You can have a look at the ingestion job running in NiFi by opening the given nifi endpoint https from your stackablectl services list command output (https://217.160.120.117:31499 in this case). If you get a warning regarding the self-signed certificate generated by the Secret Operator (e.g. Warning: Potential Security Risk Ahead), you have to tell your browser to trust the website and continue.

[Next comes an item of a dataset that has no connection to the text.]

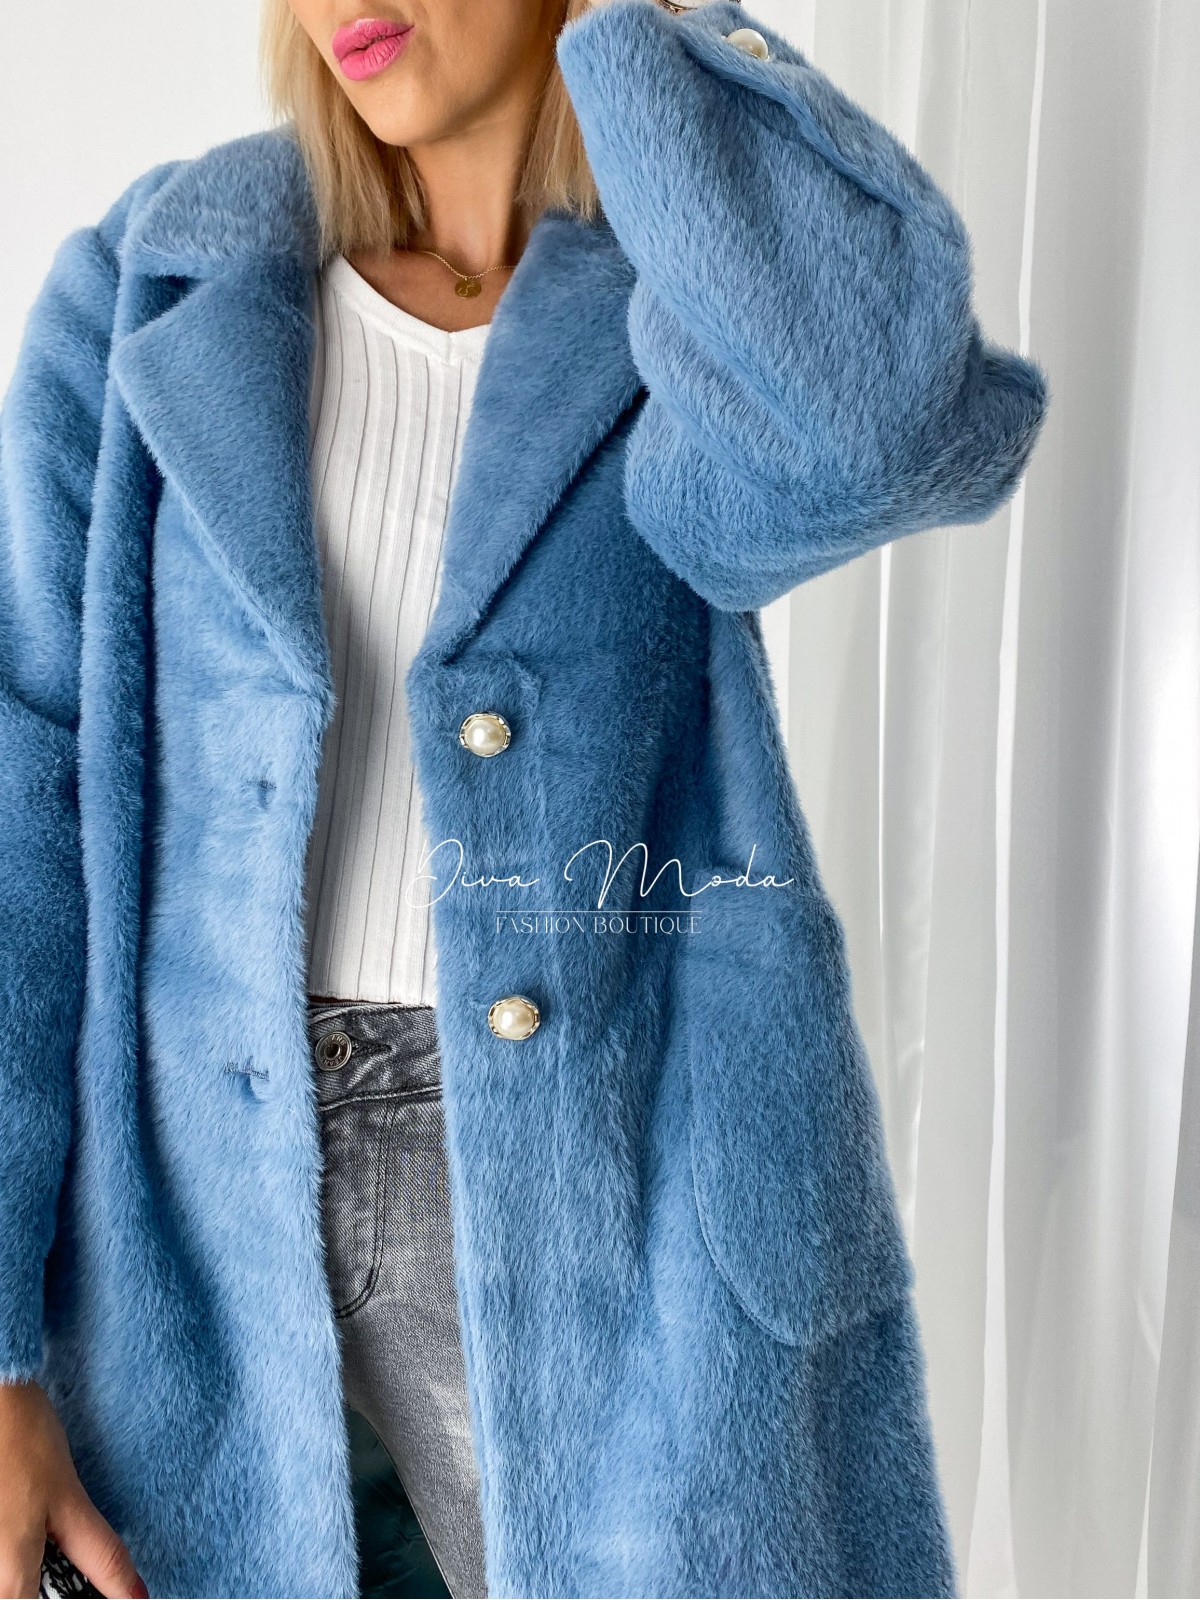 Chlpatý kabátik Perla modrý A 75

As you can see, the NiFi workflow consists of lots of components. You can zoom in by using your mouse and mouse wheel. On the left side are two strands, that

Fetch the list of known water-level stations and ingest them into Kafka
Continuously run a loop fetching the measurements of the last 30 for every measuring station and ingesting the measurements into Kafka

On the right side are three strands, that

Fetch the current shared bike stations information
Fetch the current shared bike stations status
Fetch the current shared bike bike status

For details on the NiFi workflow ingesting water-level data please read on the nifi-kafka-druid-water-level-data documentation on NiFi.

Spark

Spark Structured Streaming is used to stream data from Kafka into the lakehouse.

Access webinterface

To have access to the Spark WebUI you need to run the following command to port-forward the Port 4040 to your local machine

kubectl port-forward $(kubectl get pod -o name | grep 'spark-ingest-into-lakehouse-.*-driver') 4040

Afterwards you can reach the Webinterface on http://localhost:4040.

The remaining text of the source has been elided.